## Exercise
Please, without any pictures, transcribe the lines from the one holding "Felicitari personalizate pentru" to the end of the listing, both ends included.

=== Data extract ===

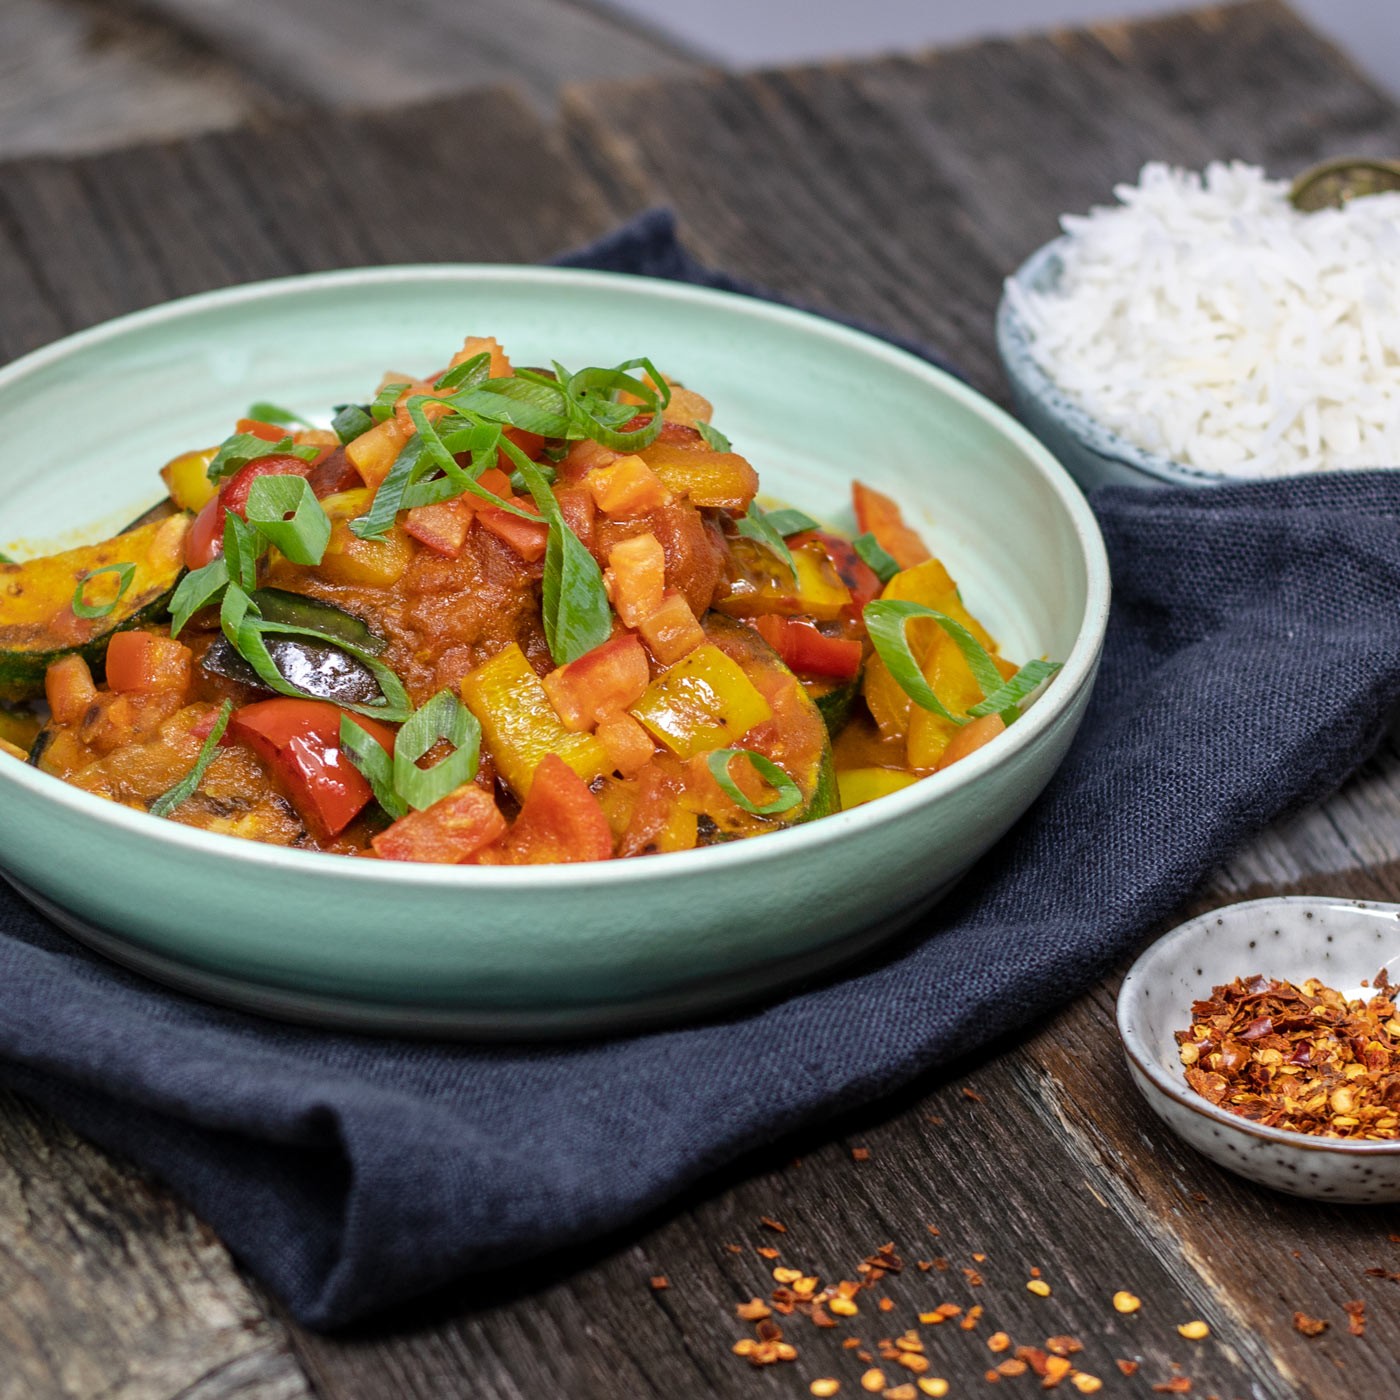 Jalifrezi - Indische Gemüsepfanne mit Mango-Curry Sauce und Basmatireis
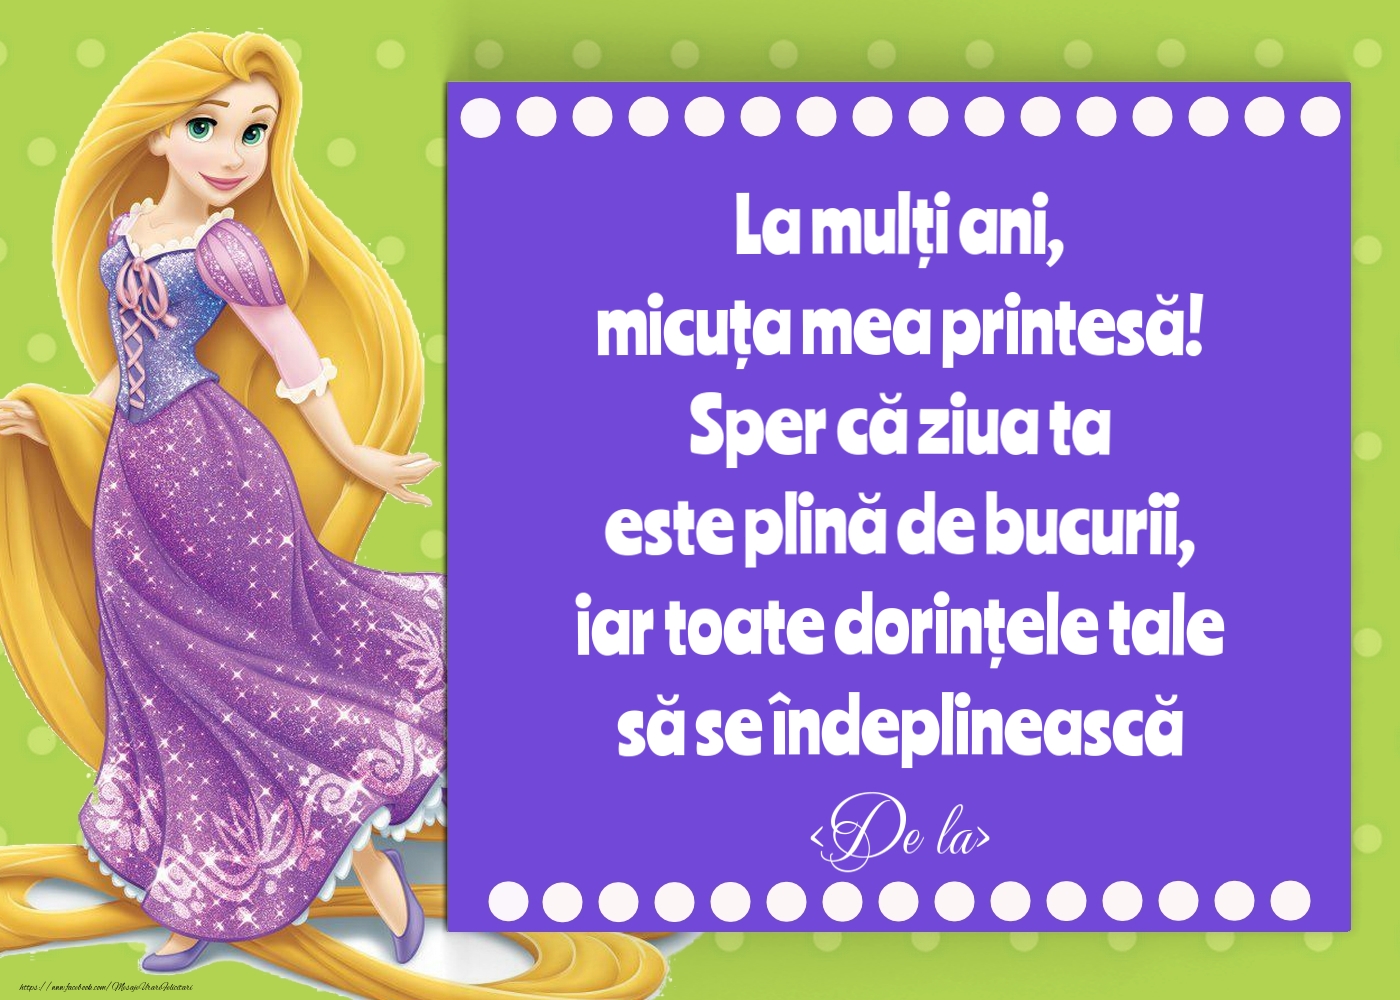 Felicitari personalizate pentru copii - Felicitare cu Rapunzel pe fundal albastru - model pentru fetițe
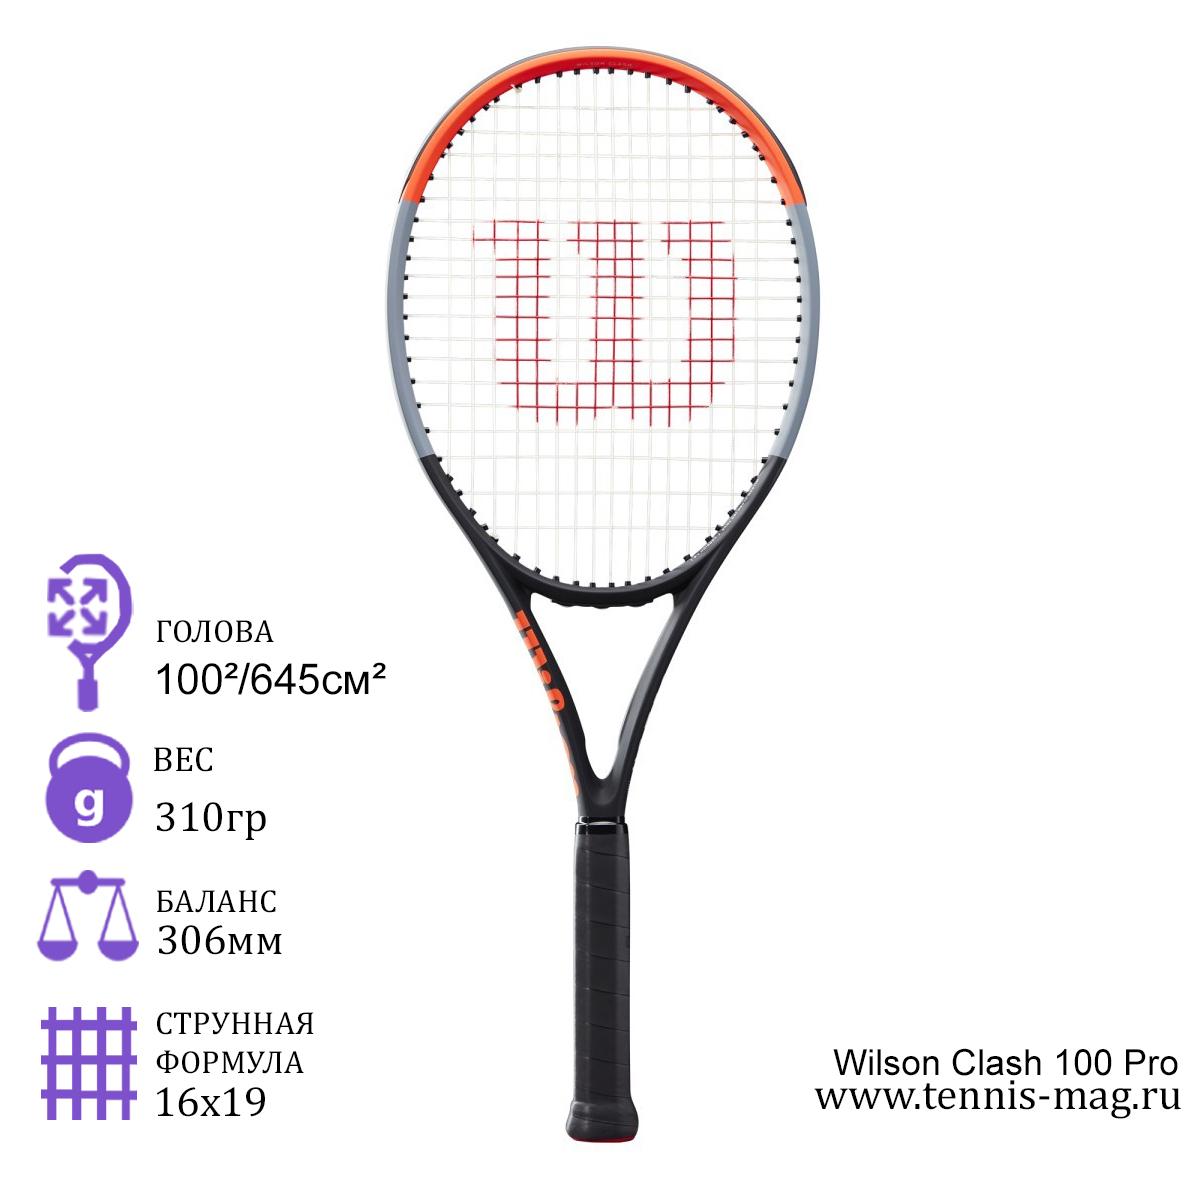 Теннисная ракетка Wilson Clash 100 Pro купить в Москве в интернет-магазине  tennis-mag.ru

===

## Response below
 Felicitari personalizate pentru copii - Felicitare cu Rapunzel pe fundal albastru - model pentru fetițe
 Теннисная ракетка Wilson Clash 100 Pro купить в Москве в интернет-магазине  tennis-mag.ru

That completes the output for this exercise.